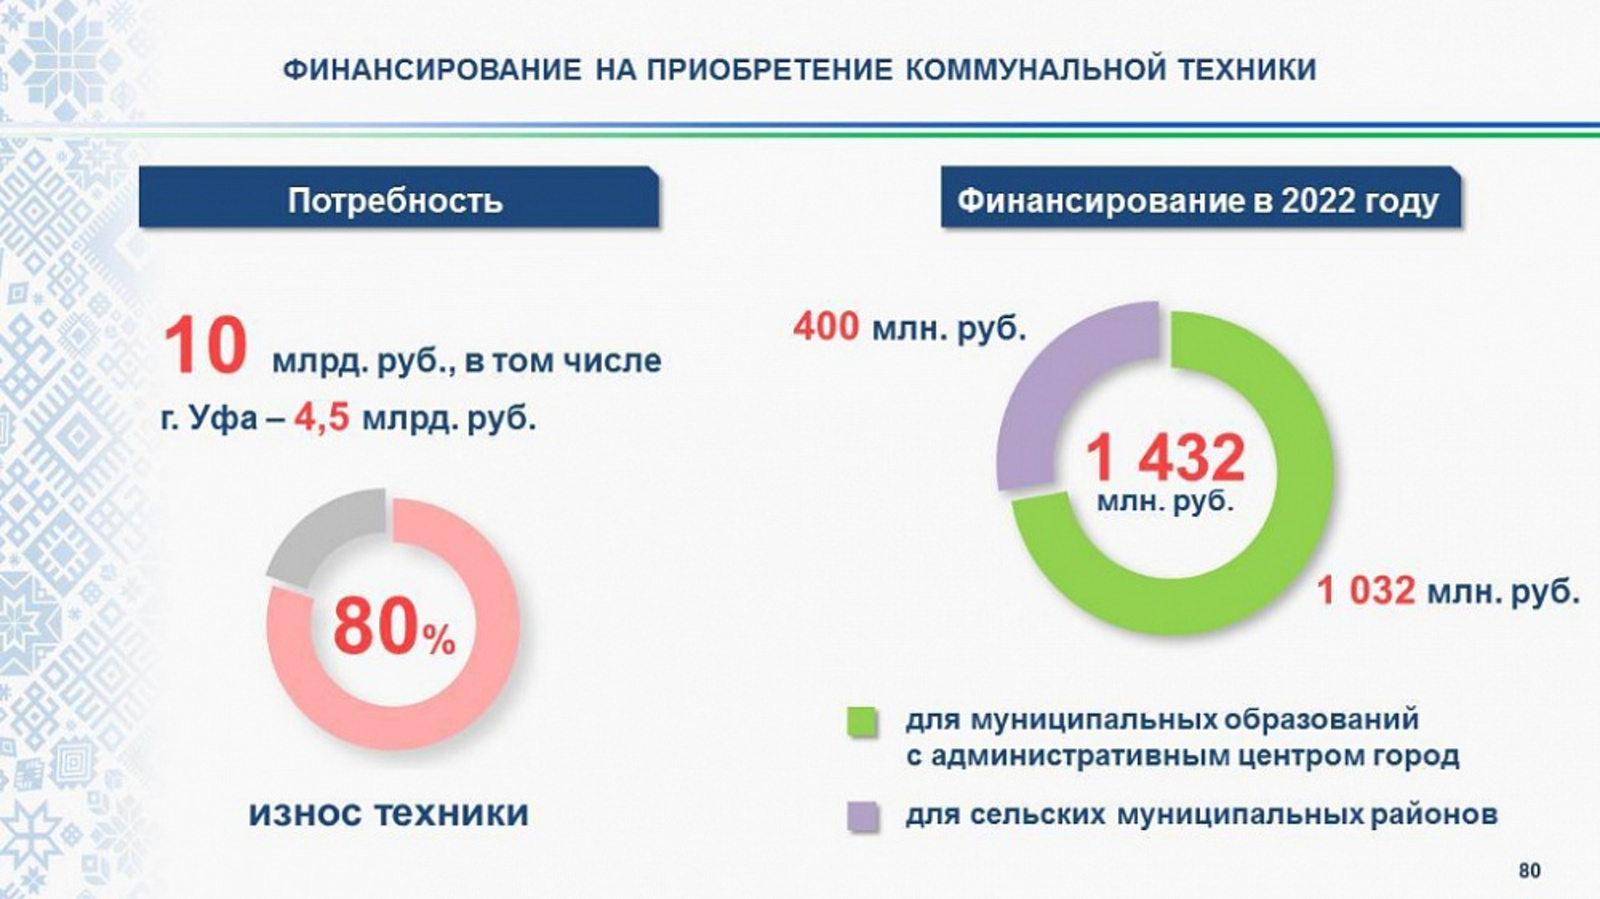 В 2022 году Башкортостан направит 1,4 млрд рублей на закупку коммунальной техники для нужд муниципалитетов
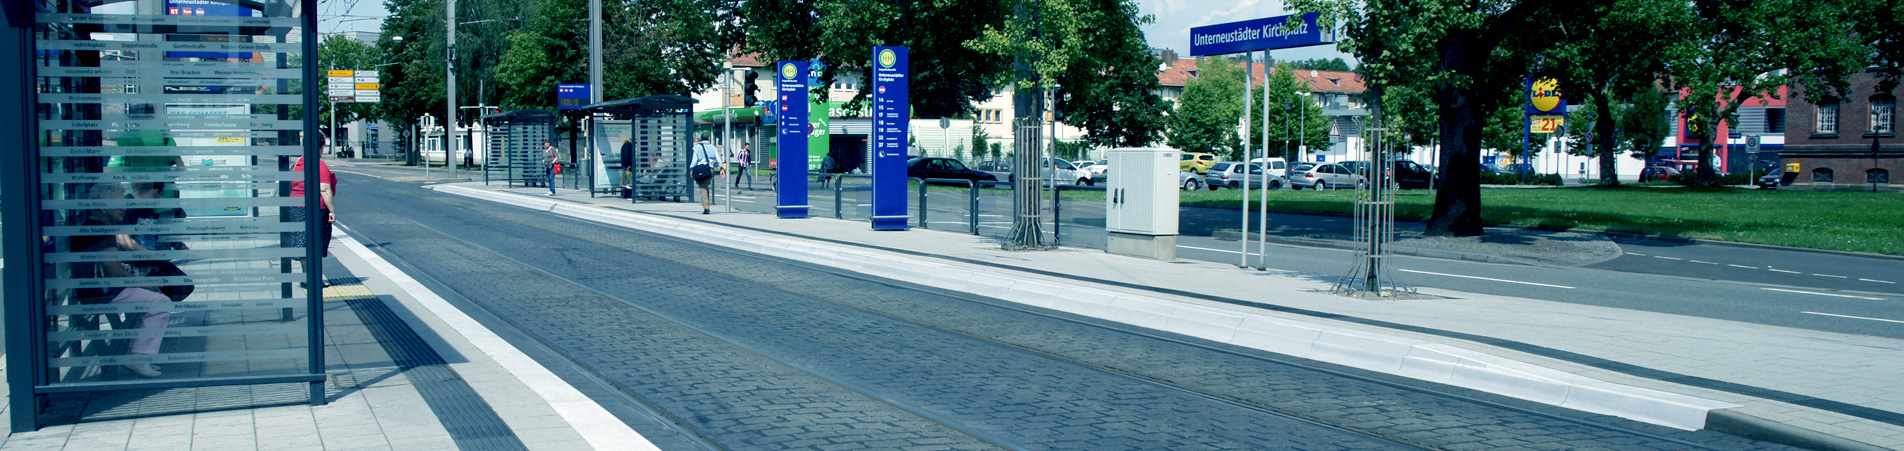 Arrêt de bus et tram avec KSBplus à Kassel
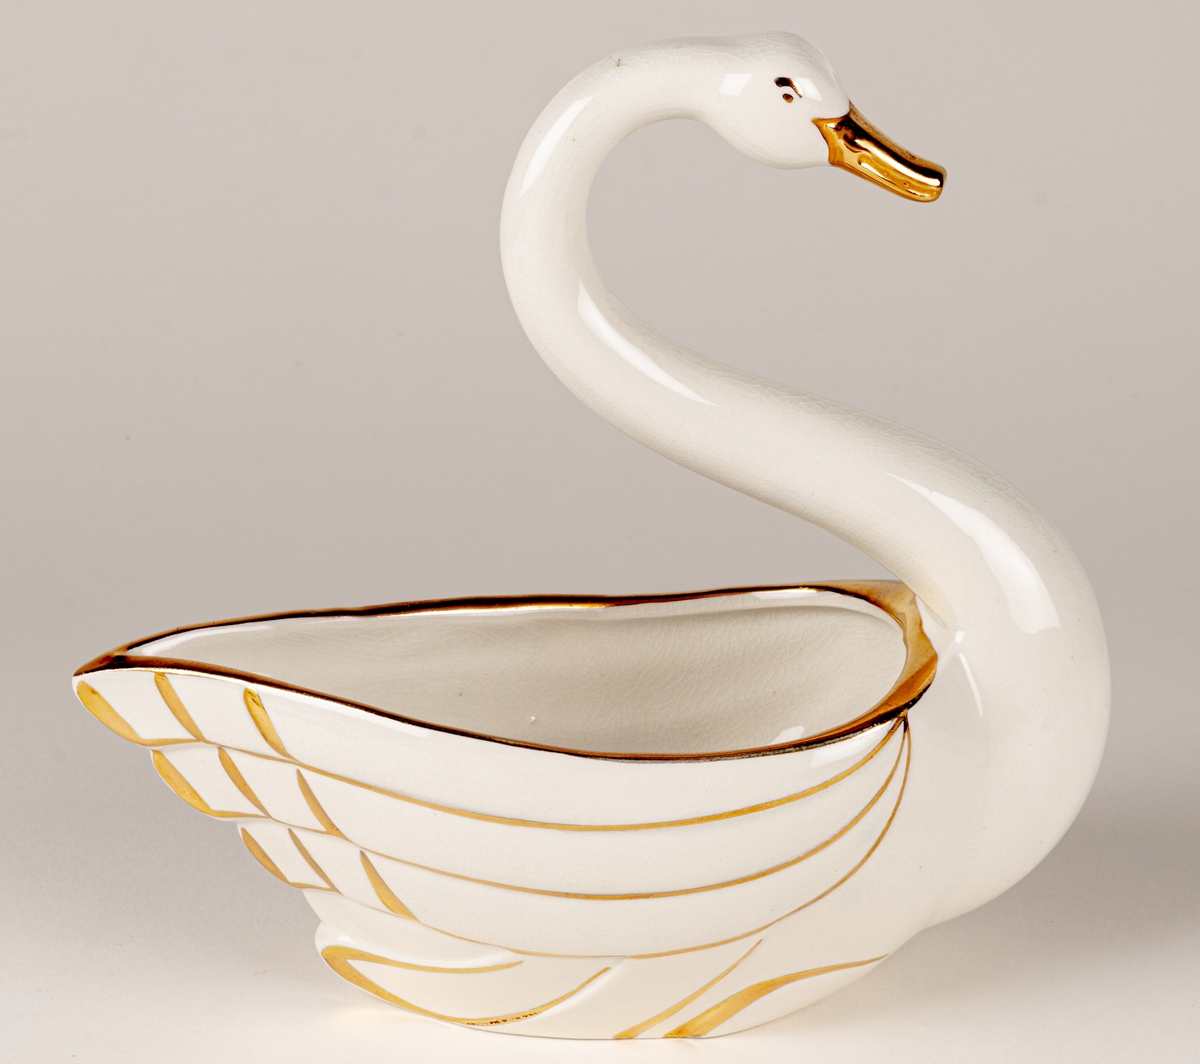 Prydnadsfigur eller skål i form av en svan, flintgods, modell A, dekorserie Aladdin; vit glasyr med handmålat guld. Aladdin producerades under åren 1941-1943. Oklart vem formgivaren är.

Your assignment »
All that is needed is the data above, repeated exactly, without the pictures.

Solution for this problem »
 В 2022 году Башкортостан направит 1,4 млрд рублей на закупку коммунальной техники для нужд муниципалитетов
 Arrêt de bus et tram avec KSBplus à Kassel
 Prydnadsfigur eller skål i form av en svan, flintgods, modell A, dekorserie Aladdin; vit glasyr med handmålat guld. Aladdin producerades under åren 1941-1943. Oklart vem formgivaren är.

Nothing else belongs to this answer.